> [Exercise goal]:
Would you restate each line of the data below word for word, without its pictures?

> [Provided material]:
========

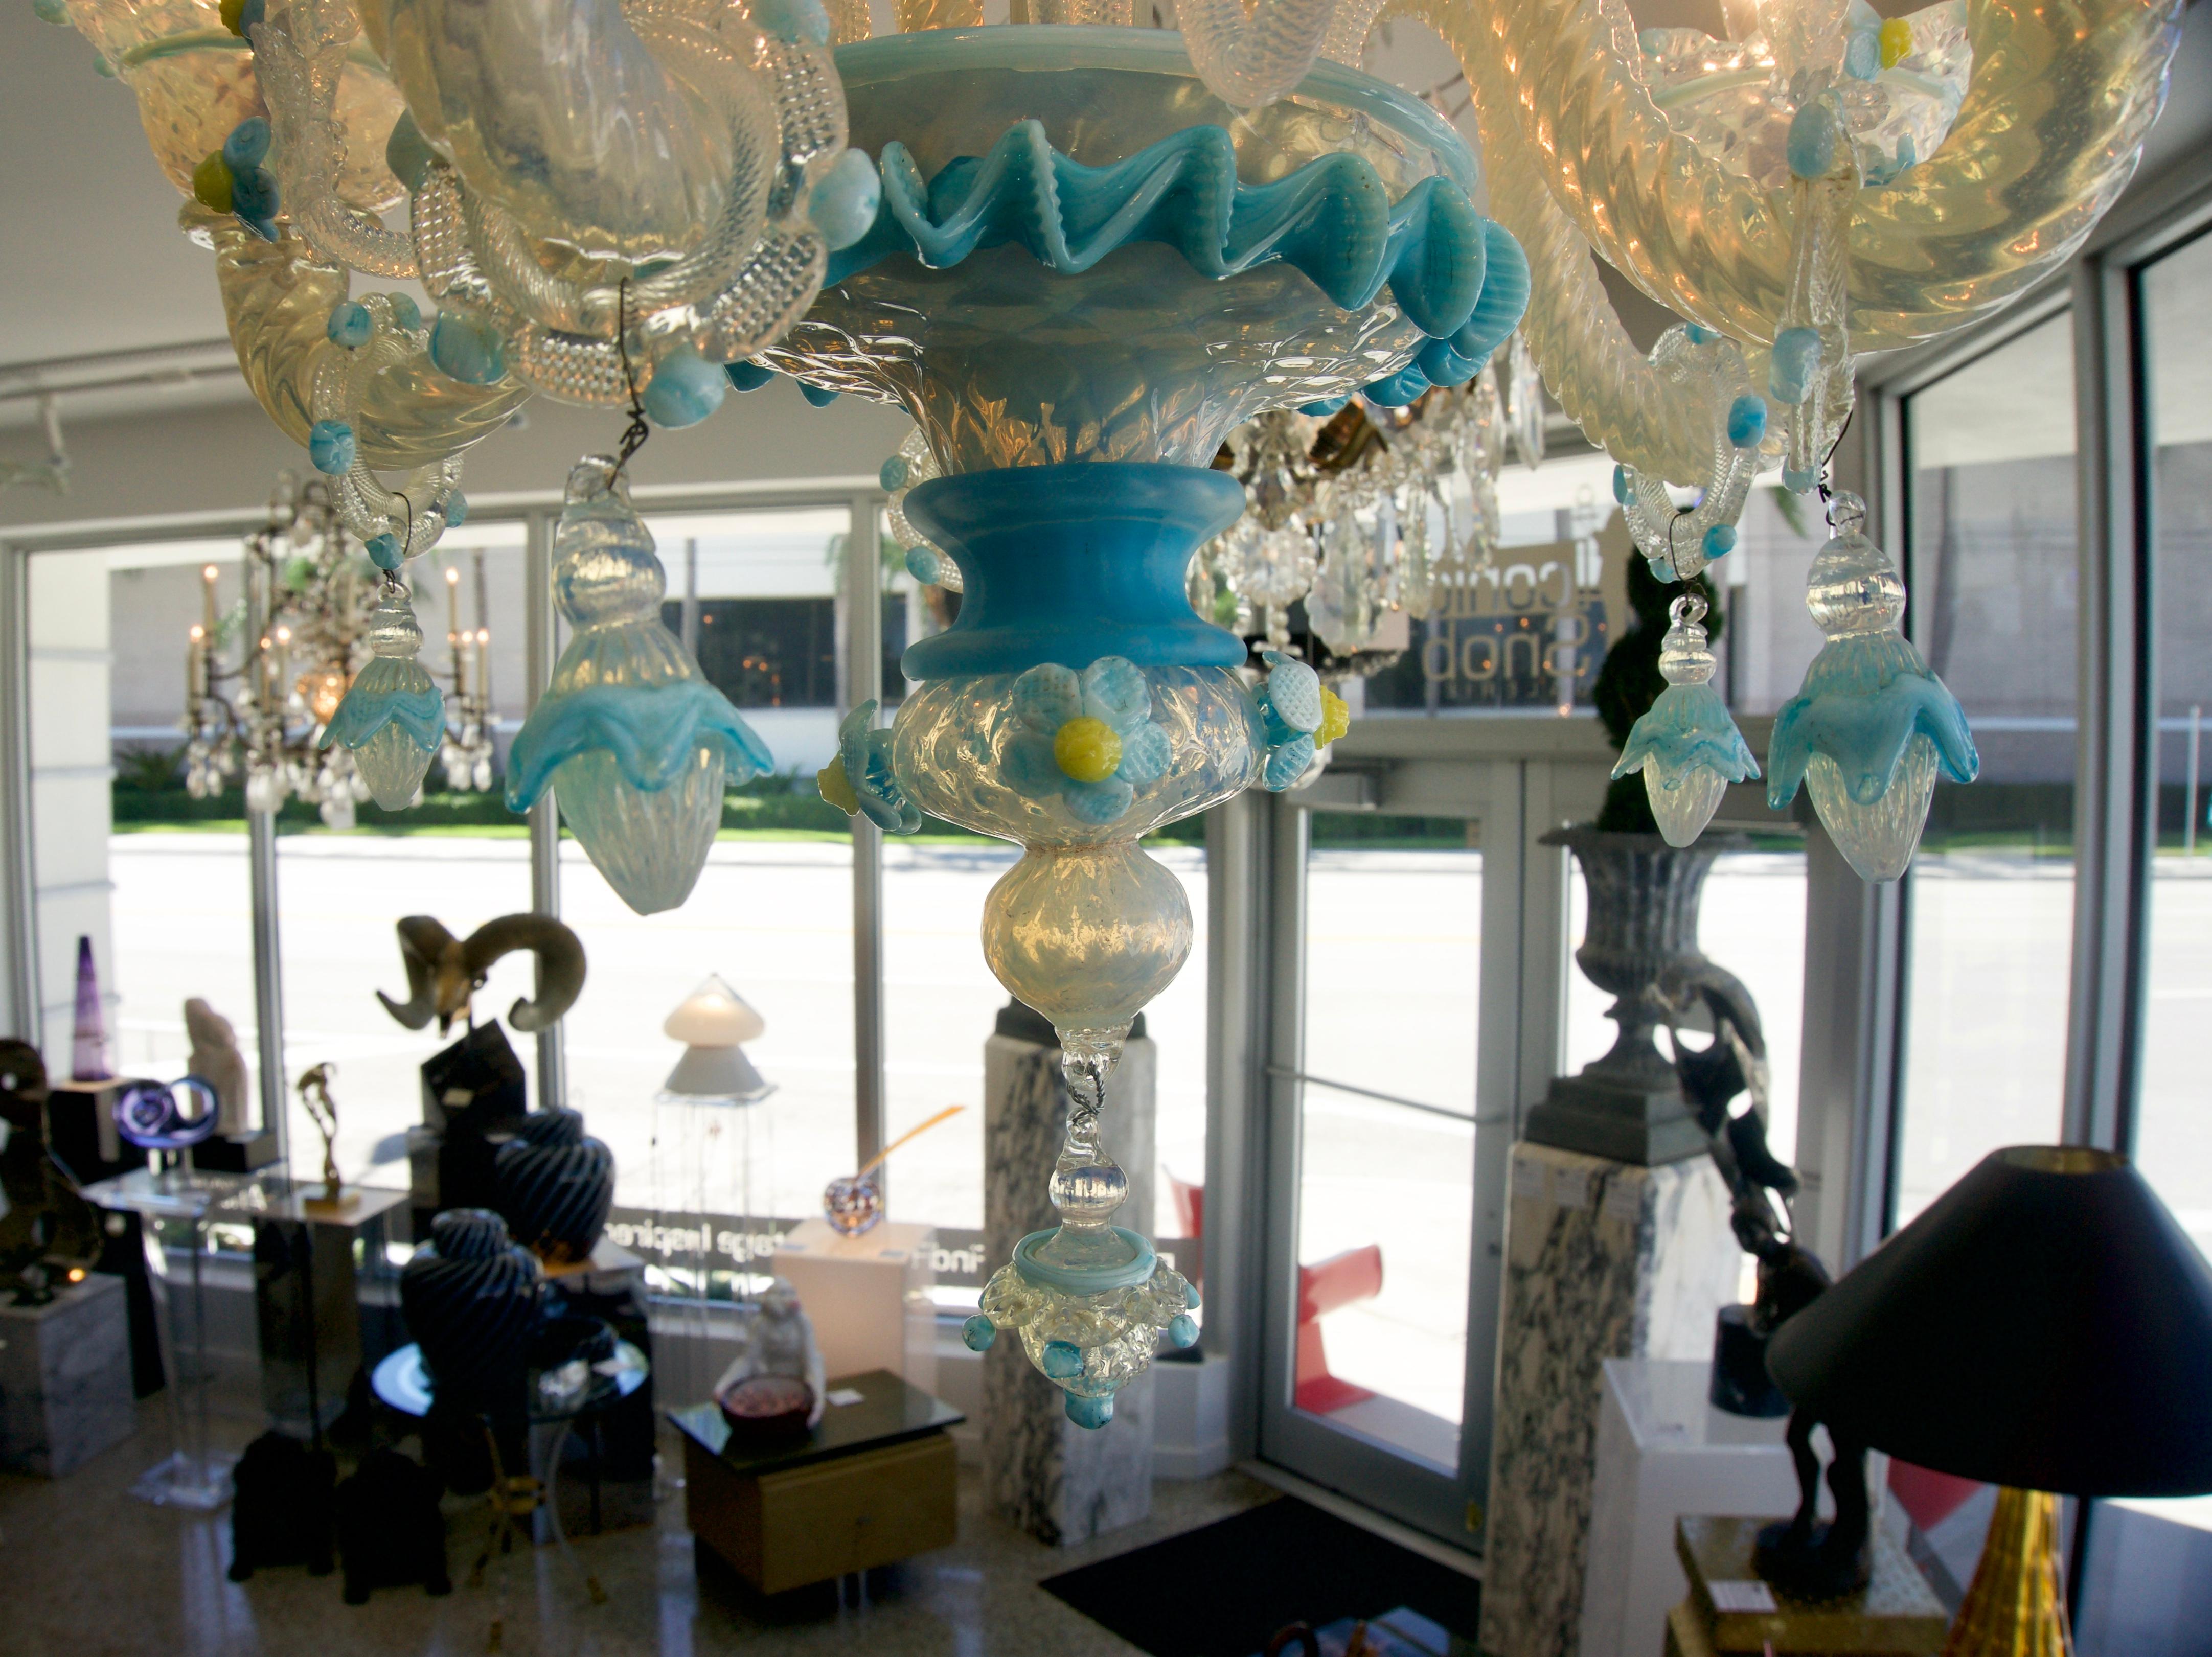 Cet élégant et chic lustre en verre de Murano Galliano Ferro date de la fin des années 1960-1970 et a été acquis auprès d'une propriété de Palm Beach. Le corps principal du lustre est un verre opalin translucide avec des accents de bleu, vert et
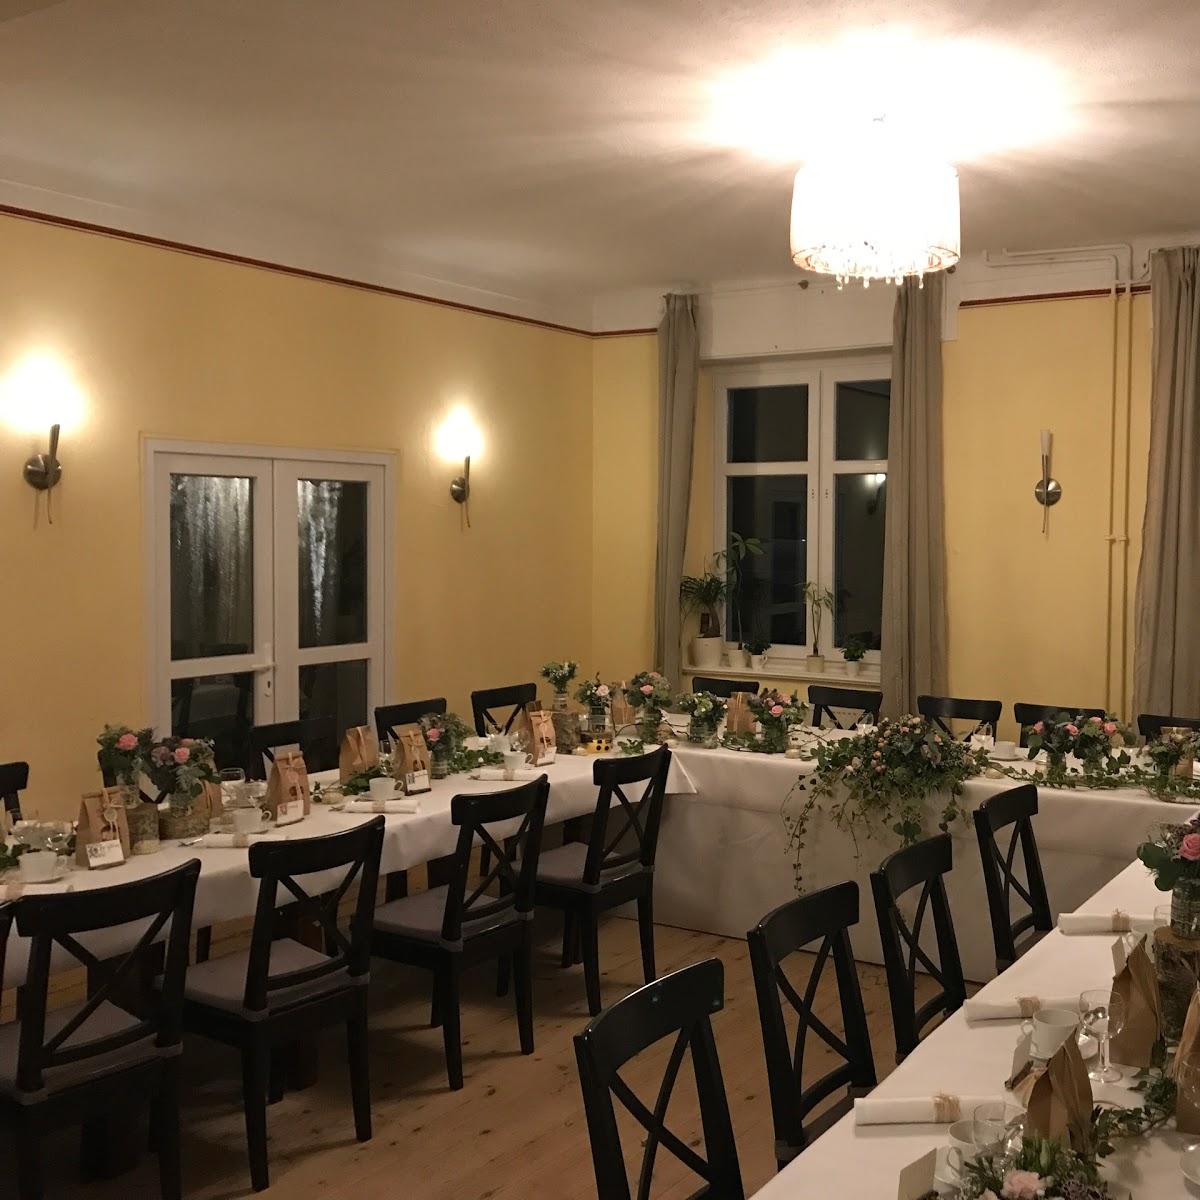 Restaurant "Landgasthof Zum alten Krug" in  Potsdam
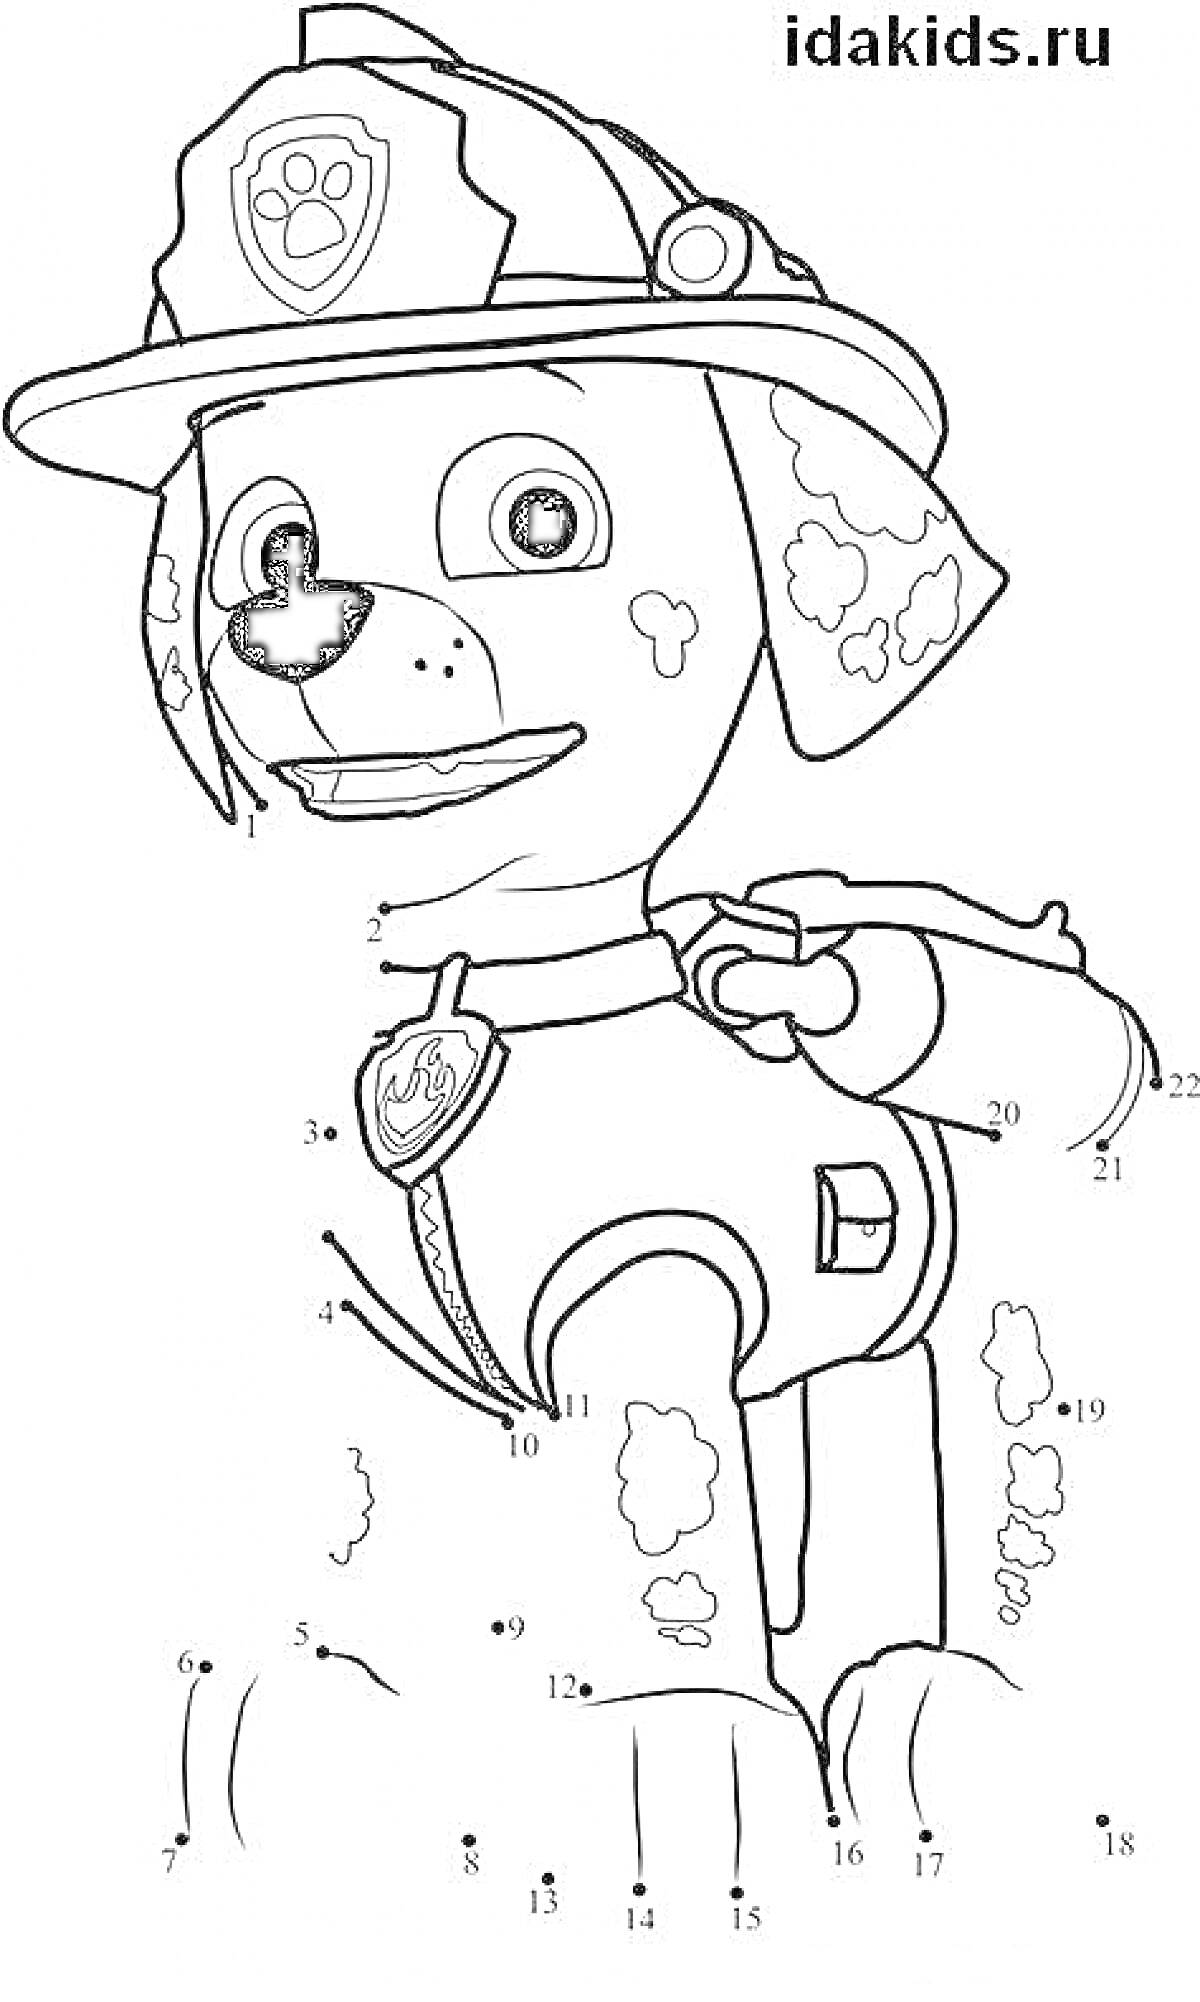 Раскраска Раскраска с маршалом из мультсериала, катающихся собак, шлем, ошейник, значок, цифры для раскрашивания.
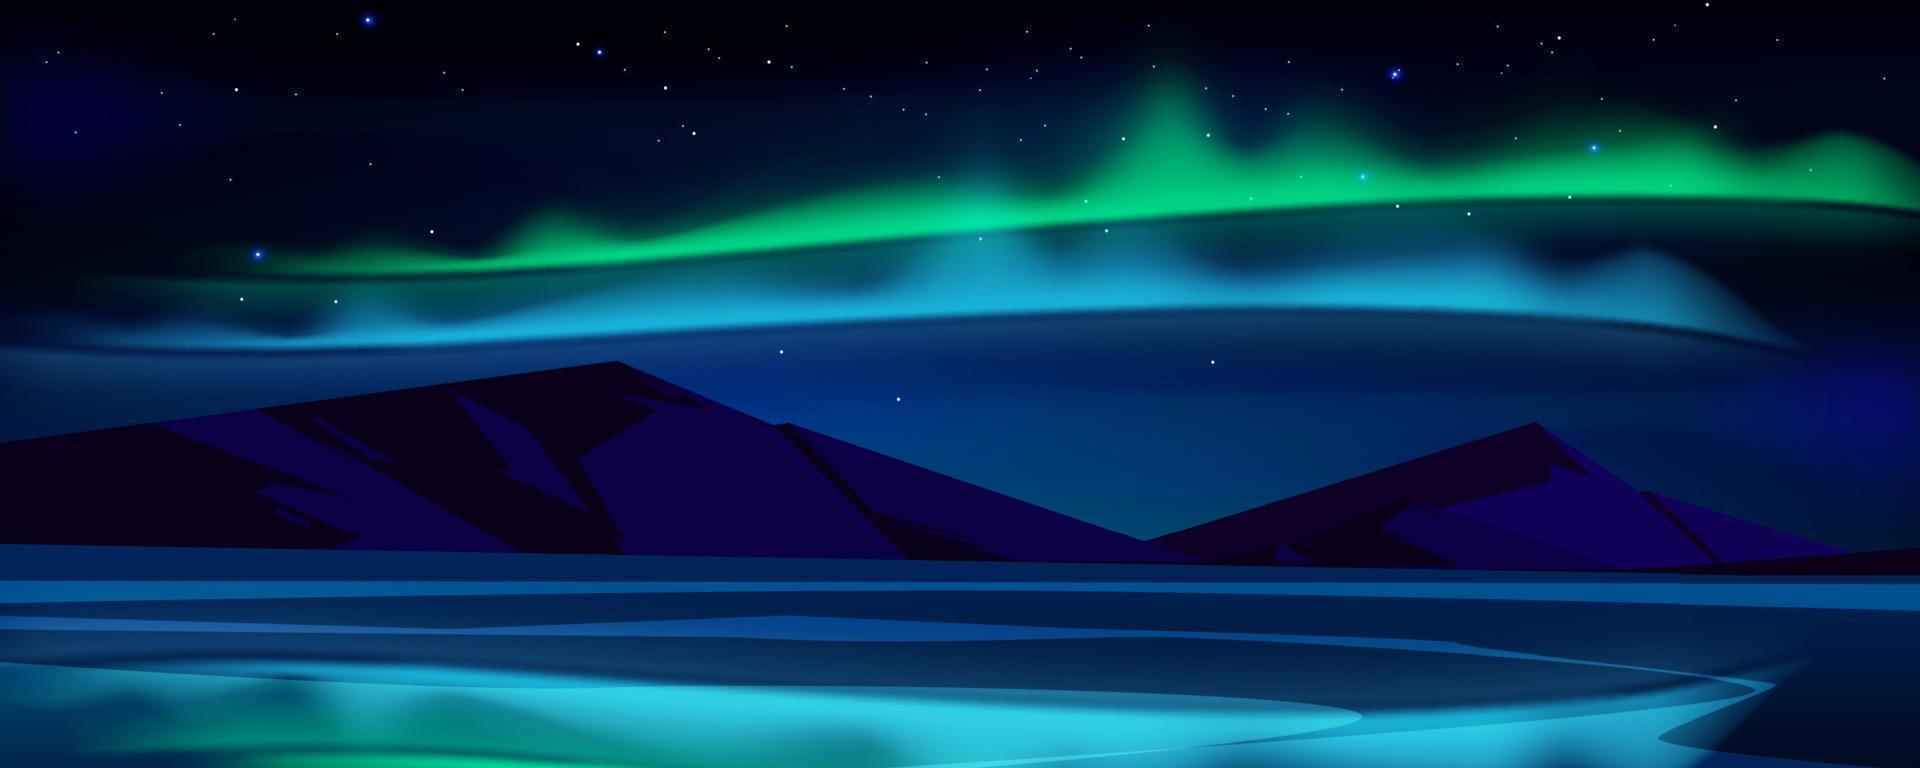 natt landskap med aurora borealis i himmel vektor

========

> [Solution to this task]:
 Cet élégant et chic lustre en verre de Murano Galliano Ferro date de la fin des années 1960-1970 et a été acquis auprès d'une propriété de Palm Beach. Le corps principal du lustre est un verre opalin translucide avec des accents de bleu, vert et
 Restaurant "Landgasthof Zum alten Krug" in  Potsdam
 Раскраска Раскраска с маршалом из мультсериала, катающихся собак, шлем, ошейник, значок, цифры для раскрашивания.
 natt landskap med aurora borealis i himmel vektor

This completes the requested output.